I have a PHP script using PDO where I check a user's submitted email/password against a database. If the query returns a row, it is supposed to take the user to a success page, or if the credentials are incorrect they are supposed to be taken to a failed login page. However, the user is always taken to the fail page.

$sql = "SELECT email, password FROM user WHERE email= $email AND password = $password";
$stm = $db->prepare($sql);
$stm->execute();

$result = $stm->fetchColumn();

if ($result !== FALSE) {

     header('Location: ./success.html');
}
else {

    header('Location: ./failed.html');

}
miken32
  • 42,008
  • 16
  • 111
  • 154
Jeremy
  • 59
  • 6
  • "I feel like the comparison I'm using in my if to determine which page the user gets sent to is incorrect." Why?

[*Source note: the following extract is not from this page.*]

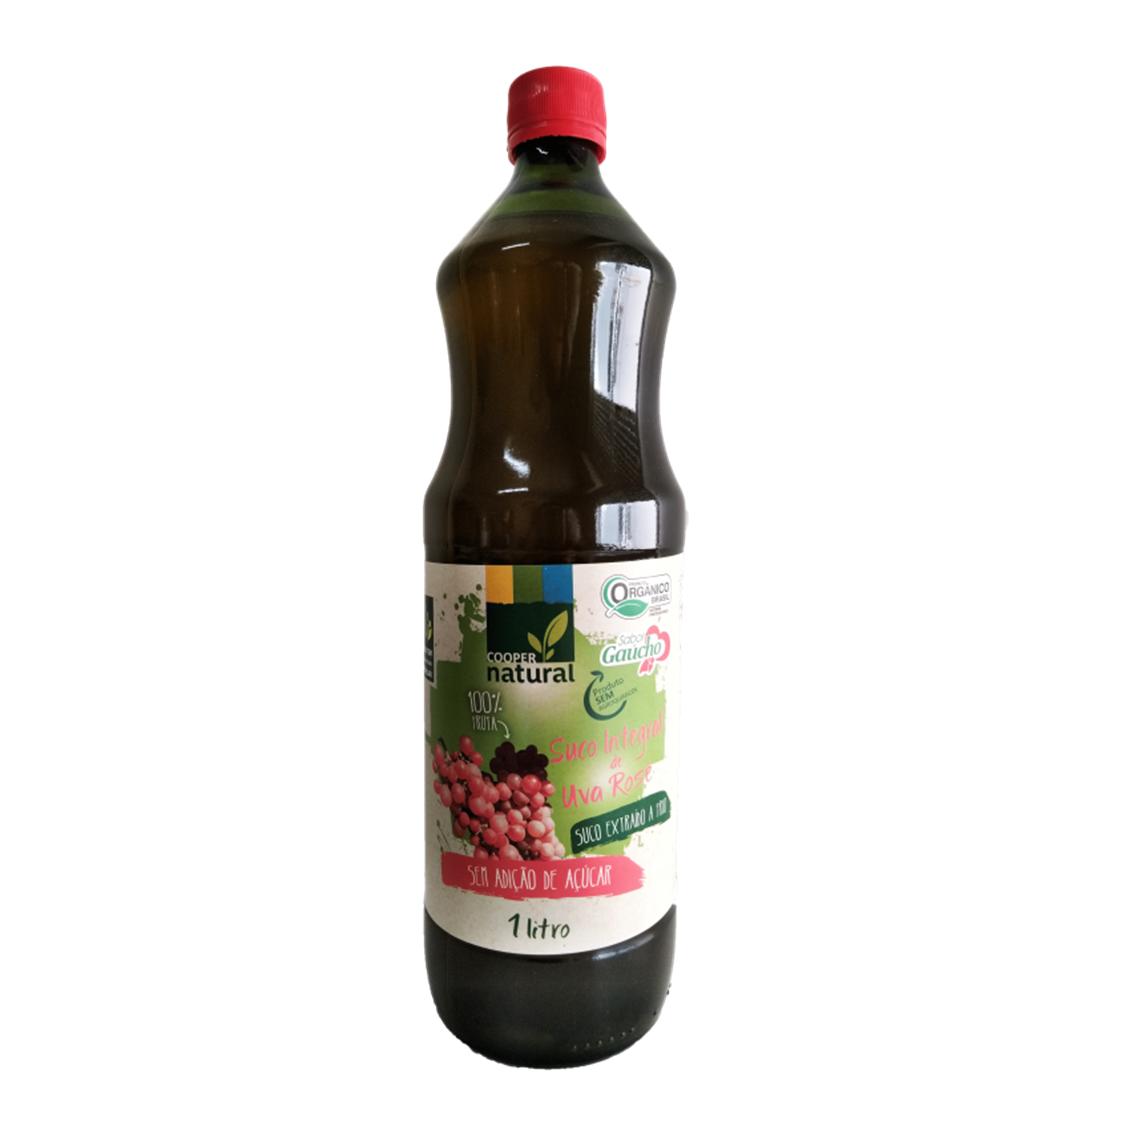 Suco de Uva Rosé (1L) – Coopernatural
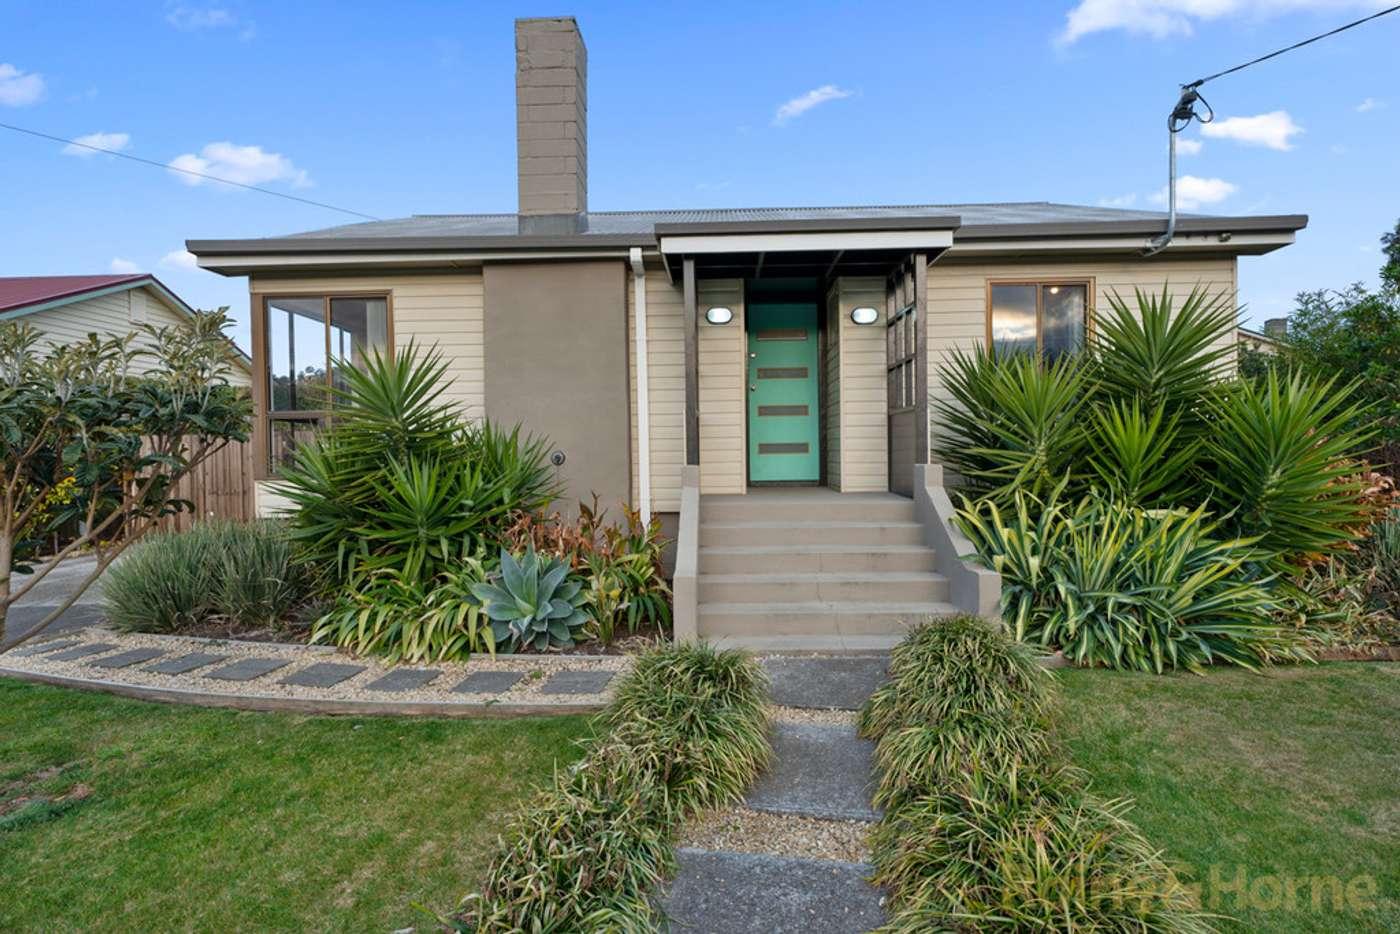 Main view of Homely house listing, 63 Bligh Street, Warrane TAS 7018

Does it work? – miken32 Oct 05 '18 at 03:30
  • It will take me to one page but not the other, regardless of whether the user input's the correct email/password or not. – Jeremy Oct 05 '18 at 18:07
  • Do you feel like sharing which page it takes you to? – miken32 Oct 05 '18 at 18:10
  • 1
    Sorry, the failed paged. – Jeremy Oct 05 '18 at 18:21
  • I may not be understanding the logic of how it works. If I'm not mistaken, the fetchColumn() function returns an array with the row(s) from the query. Therefore, if fetchColumn returns an array, the query execute successfully, and if there's no array then the user entered credentials wrong (assuming everything else is working properly). Then the IF statement checks whether an array was returned or if a value of false (for no array) was returns and makes a decision. – Jeremy Oct 05 '18 at 18:25
  • 1
    Ok first thing you need to do is some error checking. fetchColumn is returning false or something that evaluates to false. If you check the results of prepare and execute before using them, you should be able to see your problem. – miken32 Oct 05 '18 at 18:26
  • Thanks! I did a vardump($result) using correct credentials and it showed false, so at least my IF logic was correct. Now to figure out why it's returning false. – Jeremy Oct 05 '18 at 18:30
  • Realized I didn't bind params with the prepare(). Thanks. – Jeremy Oct 05 '18 at 18:44

1 Answers1

1

Your original problem was simply missing quotes around the variables inserted into the query.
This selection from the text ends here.